# Plow suggestions



## Kb2112 (Dec 16, 2007)

Hi All,

New guy here. I'd like to put a plow on my 99 Tacoma. It is a 4 cylinder, with a 5 speed manual trann and airbags. I am not interested in plowing commercially, but only really a few driveways (friends and family - including mine).

What is an inexpensive plow set up that will not require major expensive modifications to my truck?

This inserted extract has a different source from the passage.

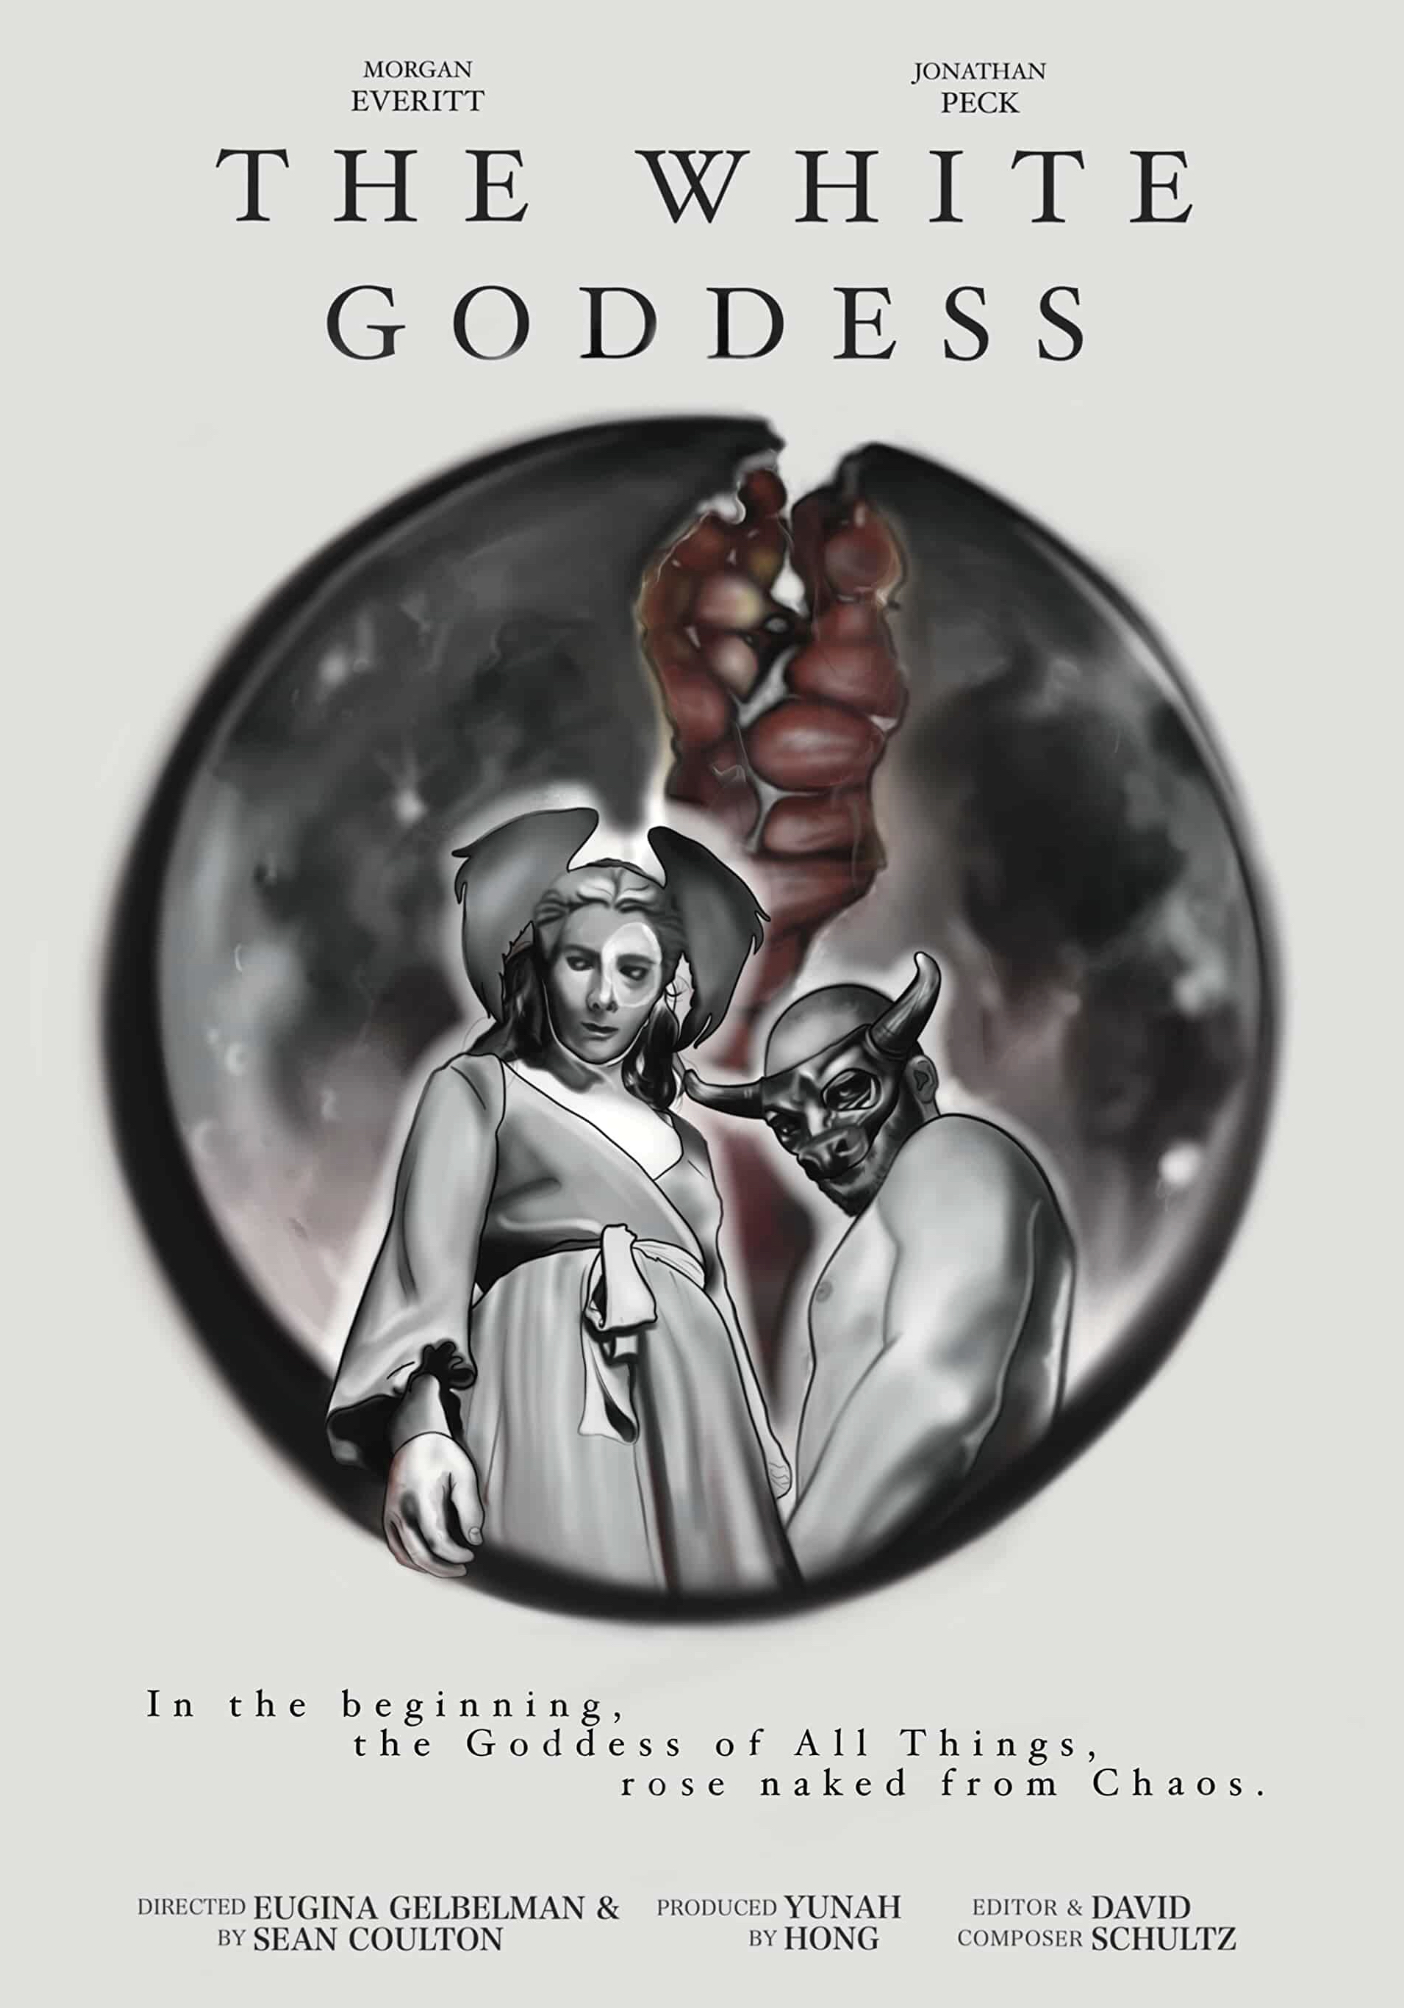 The White Goddess Image

What should I look for, and stay clear of.

Thank You

kb


----------



## toby4492 (Dec 28, 2005)

Welcome to Plowsite.

Do some searches in the import forum and I would also suggest the Sno-Way forum. We have lots of customers with Toyotas running our plows.


----------



## Kb2112 (Dec 16, 2007)

What would this set-up run?


----------



## PhatSupraTT (Aug 20, 2007)

I recently bought a 22 series with down pressure installed for $3940 with tax. I did however have a 10% off coupon so you can do the math.

I was leaning towards the Western Suburbanite and am very glad I paid the extra $800 for the Snoway. When looking at them side by side, the Suburbanite looks like a piece of crap compared to the Snoway.


----------



## BSDeality (Dec 5, 2005)

I have a Fisher LD 6.8 on my 94 Toyota with Timbrens to help with the weight. The fisher is really heavy but a solid plow. I recently bought a snoway V for my ford and was impressed with its weight reduction over a similar fisher/boss/western V. The down pressure is a cool feature too.

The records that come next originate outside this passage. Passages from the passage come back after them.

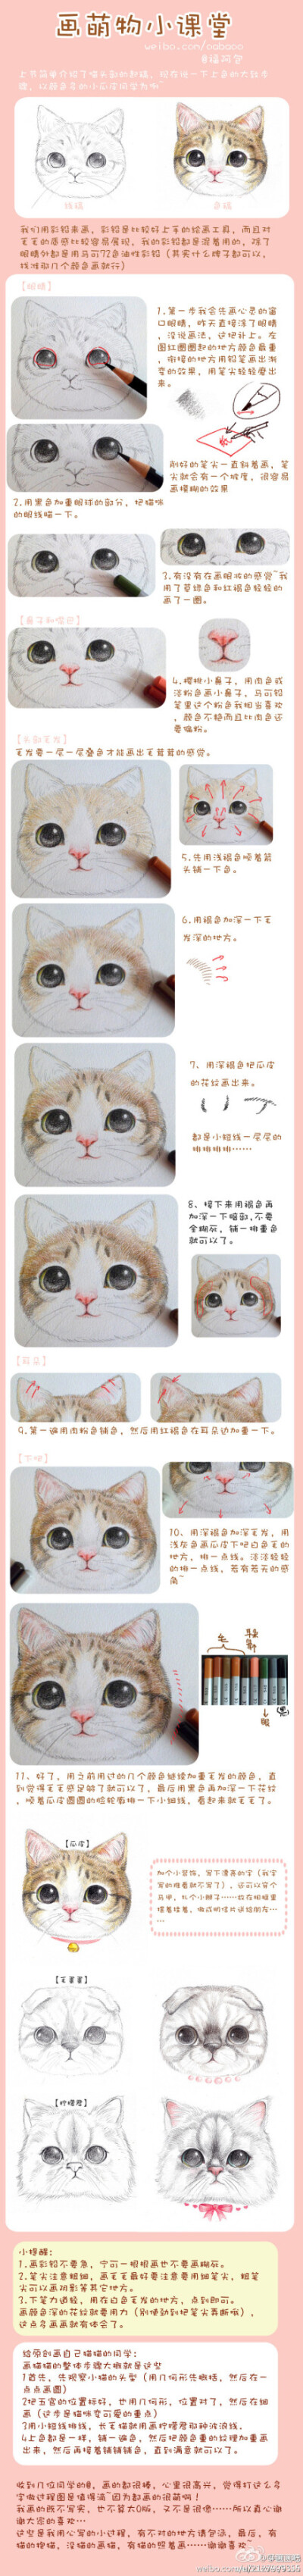 萌物小课堂——彩铅画猫步骤图～via:福阿包
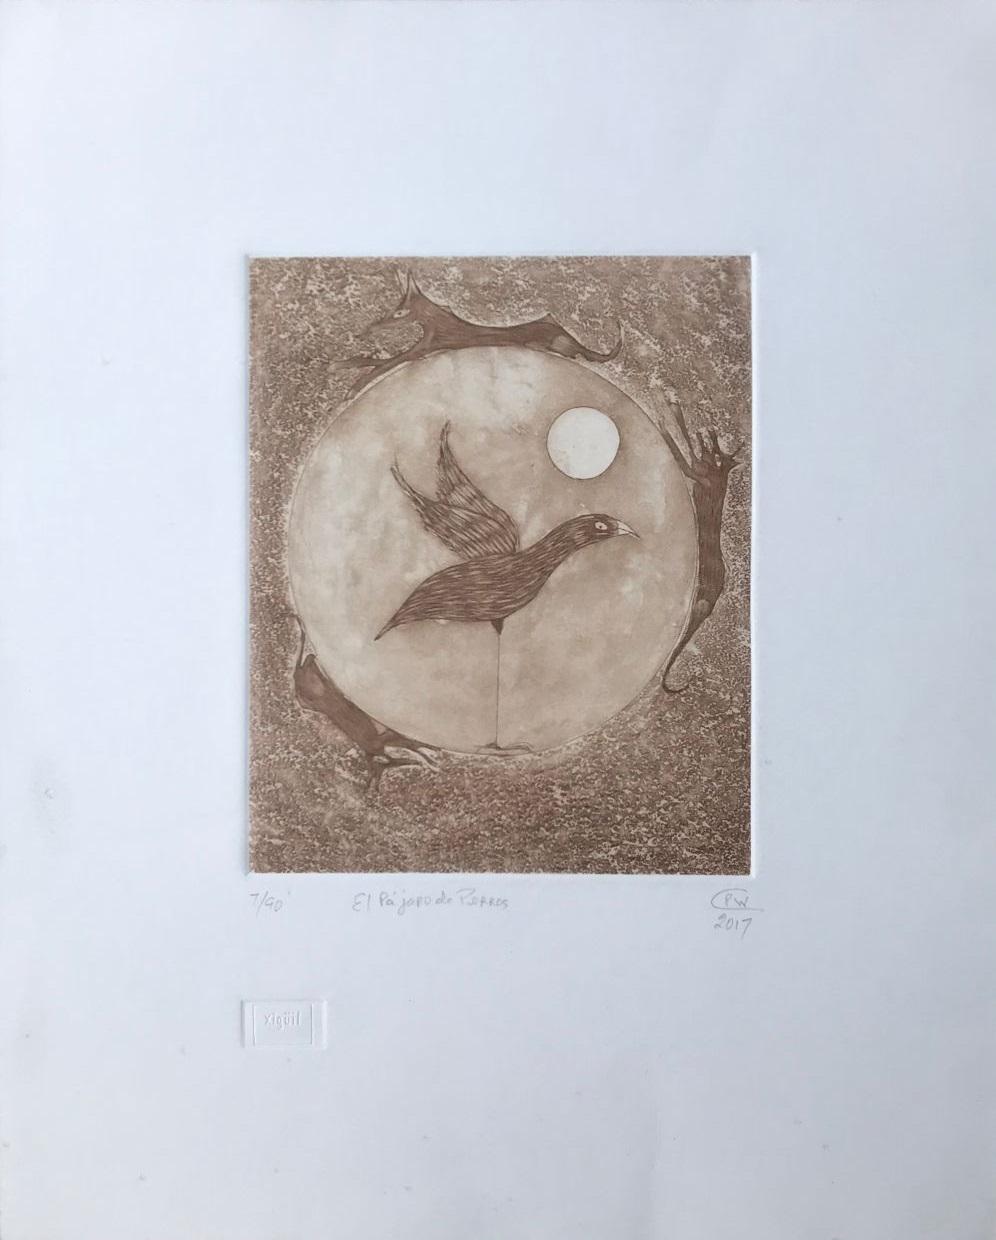 "Pablo Weisz Carrington (Mexico, 1947)
'El pajaro de perros', 2017
engraving, sugarlift on paper Deponte 300 g.
19.5 x 15.8 in. (49.5 x 40 cm.)
Edition of 90
ID: CAR-201"

Keep your eye out for a used snoway in the local papers or on Craigslist. I saw a used snoway 22 for a 95-99 tacoma for $1200. I was very close to adding another toyota to my fleet.


----------



## BenHD (Dec 10, 2007)

Just put a 22 Sno-Way w/ down pressure on my 05 Tacoma DC....love it, but it is not cheap...over 4K


----------



## Newdude (Dec 4, 2006)

I'd say sno-way . Just my 2 cents.


----------



## jgibb150 (Feb 12, 2007)

I would go with a Boss sport duty or a Western mid weight


----------